Reading the writing on the wall

27 Oct, 2020 • 3 min read

I've been playing a lot of Go recently, and catching up on the progress of Go AIs since AlphaGo beat Lee Sedol 4-1 in March 2016. That "1" was probably the last game a human will ever win against top Go AIs.

In the last few years, humans have been learning from robots. New shapes and strategies have been discovered and some very old strategies have made a comeback. Some Go AIs are able to provide move-by-move "win percentages" which are enormously helpful for evaluating moves in game reviews. There are caveats though - there is a duality to learning and teaching, and AIs are taught how to play Go, not how to teach it.

Normally (in the sense of "norms" vs. "rules") it is polite to resign a game when it has become clear you cannot win.

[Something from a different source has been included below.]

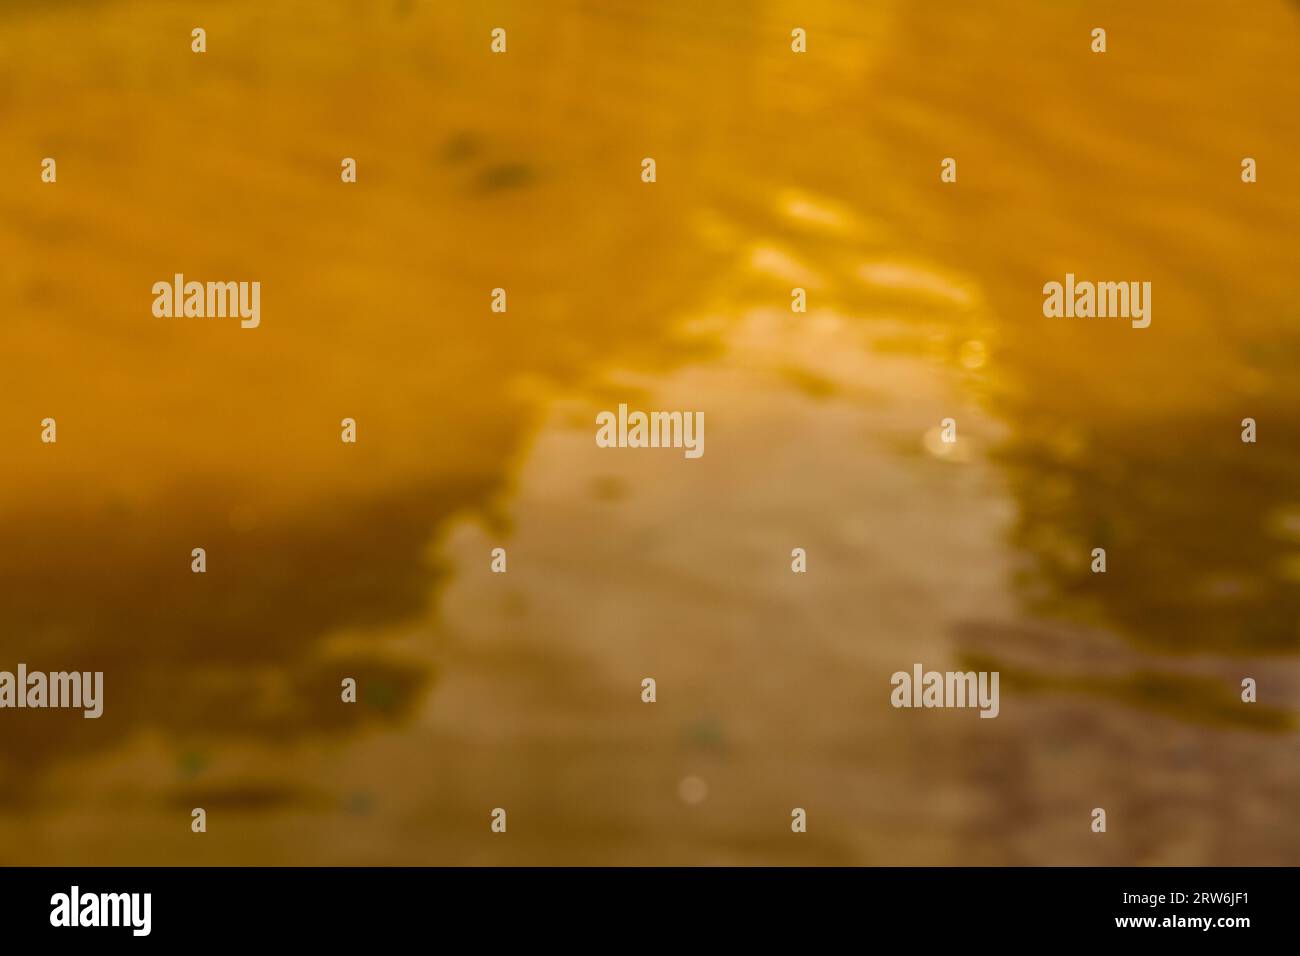 Blurred defocussed view of ripples on orange yellow water. Stock Photo

But the thing is: how do you know?

A stronger player will generally know before a weaker player, and a robot will likely "know" well before most humans. Even players of the same strength may have different opinions depending on their skill in different aspects of the game. Which means in many games there is a time when one player knows the game is over, but the other player hasn't realised yet and continues playing.

This reminded me of a quote from Iain M. Banks' The Player of Games. At this point in the story, Gurgeh - the main character - is many days into an immensely large and difficult game of strategy with the (other) greatest game player in the galaxy, Emperor Nicosar. After weeks of play:

It goes on until it ends, Gurgeh thought to himself one day, and at the same time as the banality of the thought struck him, he saw that it was over. The climax had been reached. It was done, destroyed, could be no more. It was not finished, but it was over. A terrible sadness swamped him, took hold of him like a piece and made him sway and nearly fall, so that he had to walk to his seat and pull himself on to it like an old man.

'Oh...' he heard himself say.

He looked at Nicosar, but the emperor hadn't seen it yet.

...

Gurgeh couldn't believe it. The game was over; couldn't anybody see that? He looked despairingly around the faces of the officials, the spectators, the observers and Adjudicators. What was wrong with them all? He looked back at the board, hoping desperately that he might have missed something, made some mistake that meant there was still something Nicosar could do, that the perfect dance might last a little longer. He could see nothing. It was done.

The writing is on the wall whether you can read it or not.